Divided into three parts, the Companion takes both a theoretical and practical approach to a field that is emerging as a prominent area of study. Animals and the Practice of History considers established practices of history, such as political history, public history and cultural memory, and how animal-human history can contribute to them. Problems and Paradigms identifies key historiographical issues to the field with contributors considering the challenges posed by topics such as agency, literature, art and emotional attachment.

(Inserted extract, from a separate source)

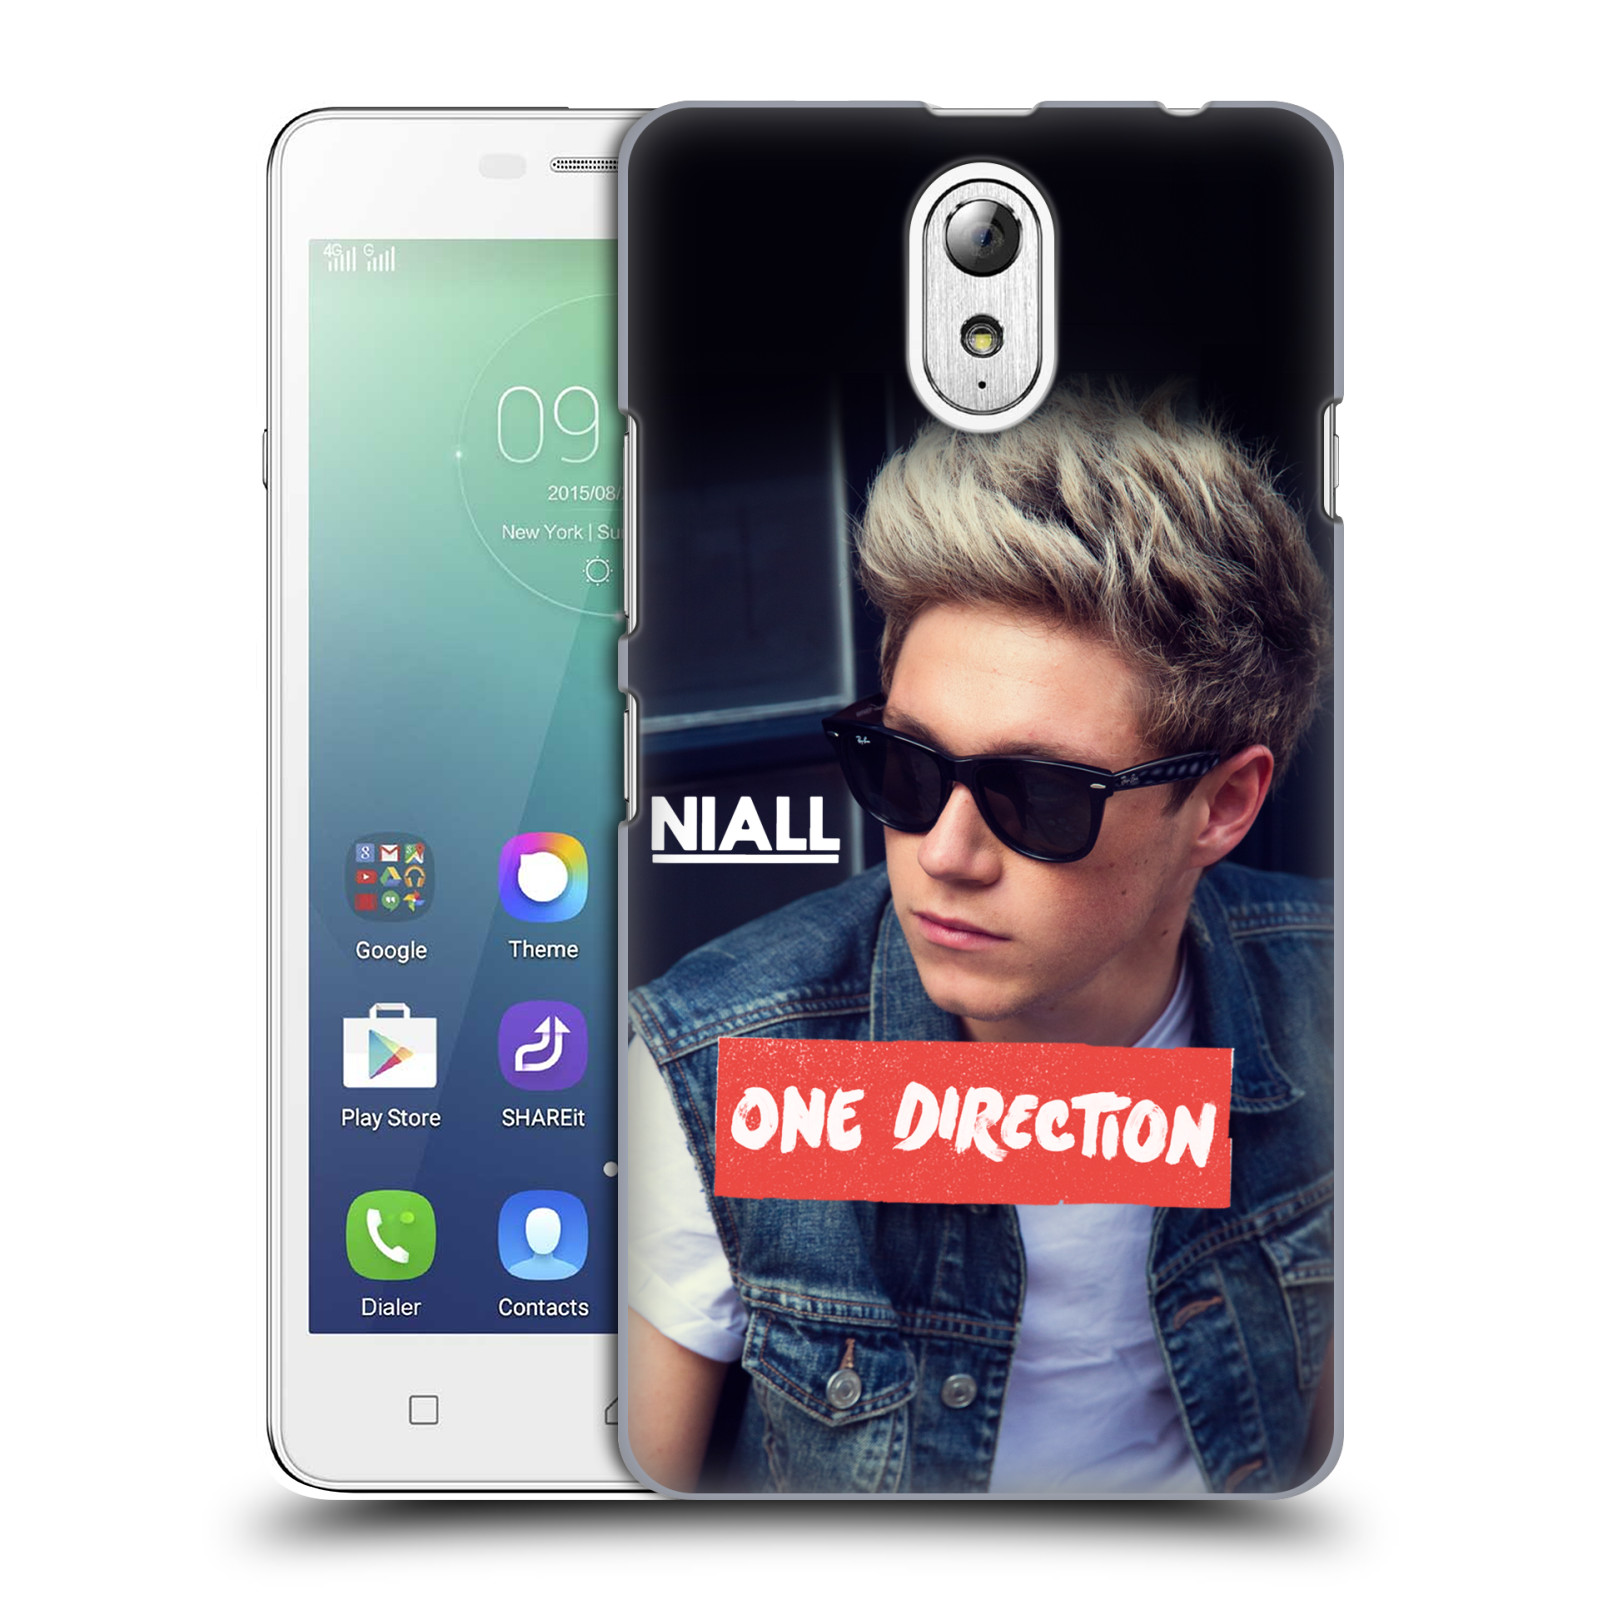 Plastové pouzdro na mobil Lenovo Vibe P1m HEAD CASE One Direction - Niall

The final section, Themes and Provocations, looks at larger themes within the history of animal-human relationships in more depth, with contributions covering topics that include breeding, war, hunting and eating.
As it is increasingly recognised that nonhuman actors have contributed to the making of history, The Routledge Companion to Animal-Human History provides a timely and important contribution to the scholarship on animal-human history and surrounding debates.
Hilda Kean was Dean of Ruskin College, Oxford. Her many books include The Great Cat and Dog Massacre: The Real Story of the World War 11’s Unknown Tragedy (2017); Animal Rights: Political and Social Change in Britain since 1800 (1998); The Public History Reader (with Paul Martin, 2013).
Philip Howell is Reader in Historical Geography at the University of Cambridge. He is the author of Geographies of Regulation: Policing Prostitution in Nineteenth- Century Britain and the Empire (2009) and At Home and Astray: The Domestic Dog in Victorian Britain (2015).